I am setting up a 10 gallon planted tank. When I usually set up planted aquariums, I use substrates that are full of nutrients and designed for planted aquariums such as Eco-Complete or Flora-Max. However, straying from my normal substrates, I was considering using a "nutrition deficient" substrate such as gravel or sand and supplementing it with Osmocote Plus root tabs. Over time, I do not know if this would become more expensive than buying a "proper" planted aquarium substrate. So, here are my questions: 1. will this method of using root tabs in "nutrition deficient" substrate support plants?
2. will the constant use of Osmocote root tabs eventually add up to become more expensive than traditional planted aquarium substrate?
THANKS!


----------



## Bluefin (Oct 29, 2014)

aquariumrookie said:


> Hey guys.
> I am setting up a 10 gallon planted tank. When I usually set up planted aquariums, I use substrates that are full of nutrients and designed for planted aquariums such as Eco-Complete or Flora-Max. However, straying from my normal substrates, I was considering using a "nutrition deficient" substrate such as gravel or sand and supplementing it with Osmocote Plus root tabs. Over time, I do not know if this would become more expensive than buying a "proper" planted aquarium substrate. So, here are my questions: 1. will this method of using root tabs in "nutrition deficient" substrate support plants?
> 2. will the constant use of Osmocote root tabs eventually add up to become more expensive than traditional planted aquarium substrate?
> THANKS!


1-yes it will...before i upgraded i had pool filter sand in my tank with root tabs and i had about 12 species of plants in there ranging from crypts to high light needing stems..all grew well..only problem i had was with carpeting plants.

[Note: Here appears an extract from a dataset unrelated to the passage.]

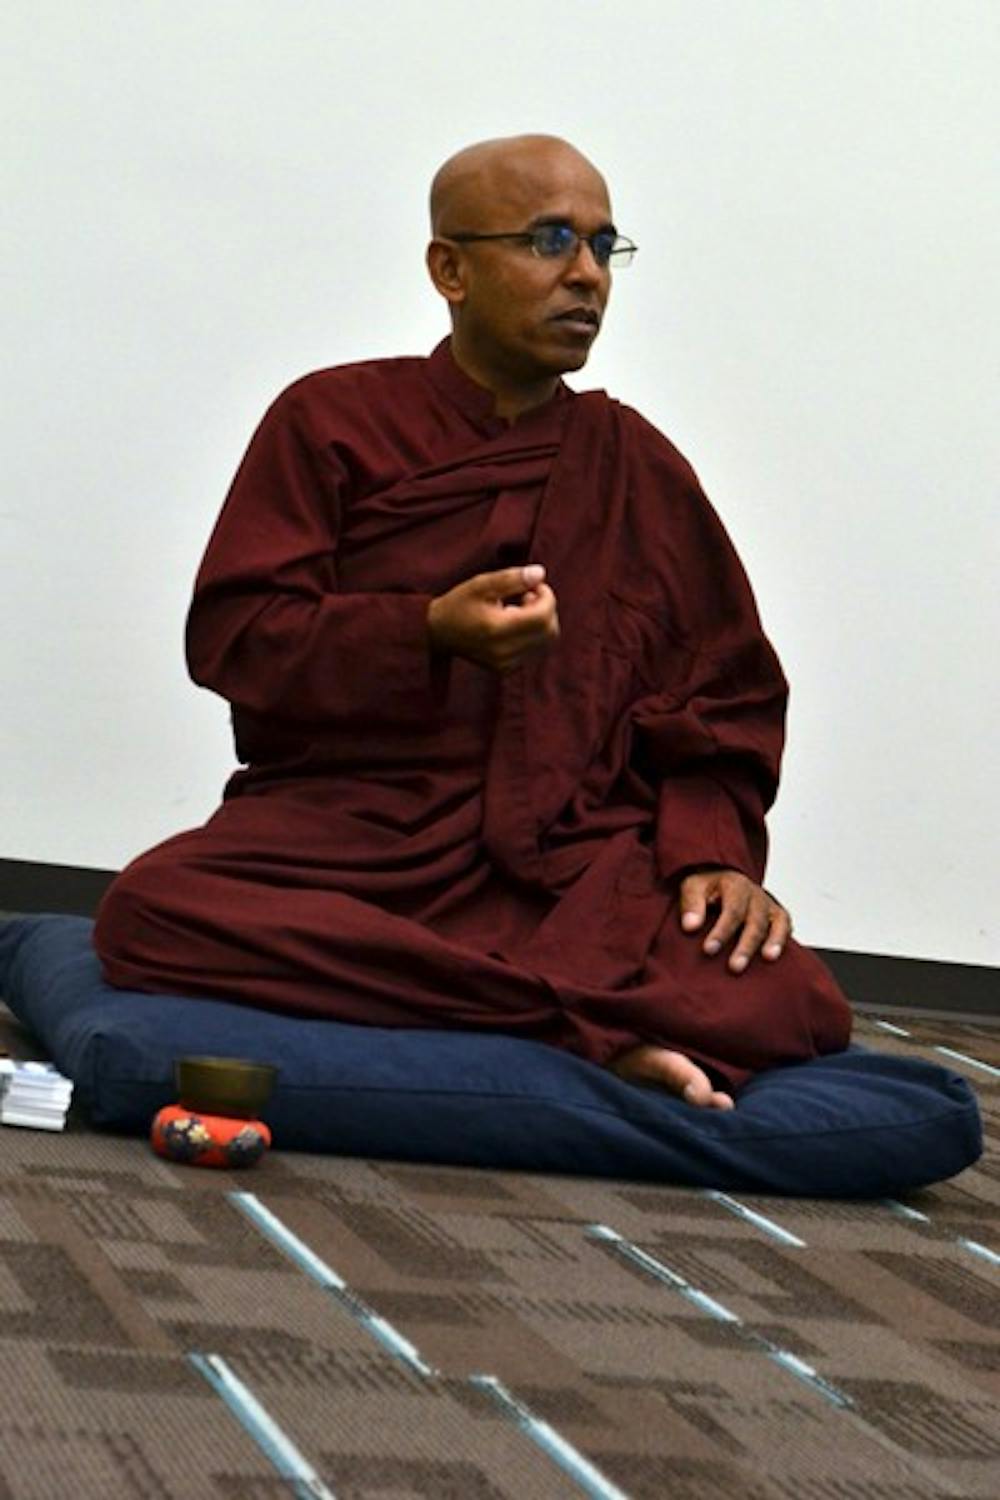 Buddhist Sangha Upasaka Culadasa clarifies the meaning behind meditation to a small group of participants in the Nursing and Health Innovation building on the Downtown campus Thursday afternoon. (Photo by Brittany Lea)

2- well you can get a big jug of osmocote that wil last you years seeing as each application of the root tabs are 4 months


----------



## anubias6439 (Sep 7, 2010)

I have found that whether using plain pea gravel or enriched substrate such as Flourite or Eco-complete, the plants always showed added response to the addition of root tabs. I even place root tabs under certain stem plants (Alternanthera for example). I used to be under the misconception that all stem plants receive the nutrients form the water column. 

One thing is for sure, the plain "nutrient deficient" gravel is going to have absolutely zero nutrients for the plants at day 1. Some harder plants need a seasoned tank to really grow well. This is especially true for your heavy root feeders.


----------



## Michael (Jul 20, 2010)

Flourite and Ecocomplete ARE NOT full of nutrients, despite the marketing hype. At best they have some micronutrients. High nutrient substrates include soil and some of the ADA products. I'm sure there are others, but it is difficult to get reliable information from the manufacturers.

Using inert substrates like sand or gravel with Osmocote will work. But I would suggest that you try soil, or at least use a non-nutritive substrate with high cation exchange capacity (CEC). Such substrates have the ability to absorb nutrients from the water or from fertilizers like Osmocote, and hold them until plant roots grow into the substrate and can use the nutrients. This keeps nutrients out of the water column so that they are unavailable to algae.

Flourite and Ecocomplete do have high CEC. But there are lots of inexpensive alternatives that work just as well: Turface, Safe-T-Sorb, and plain cat litter are the most common.


----------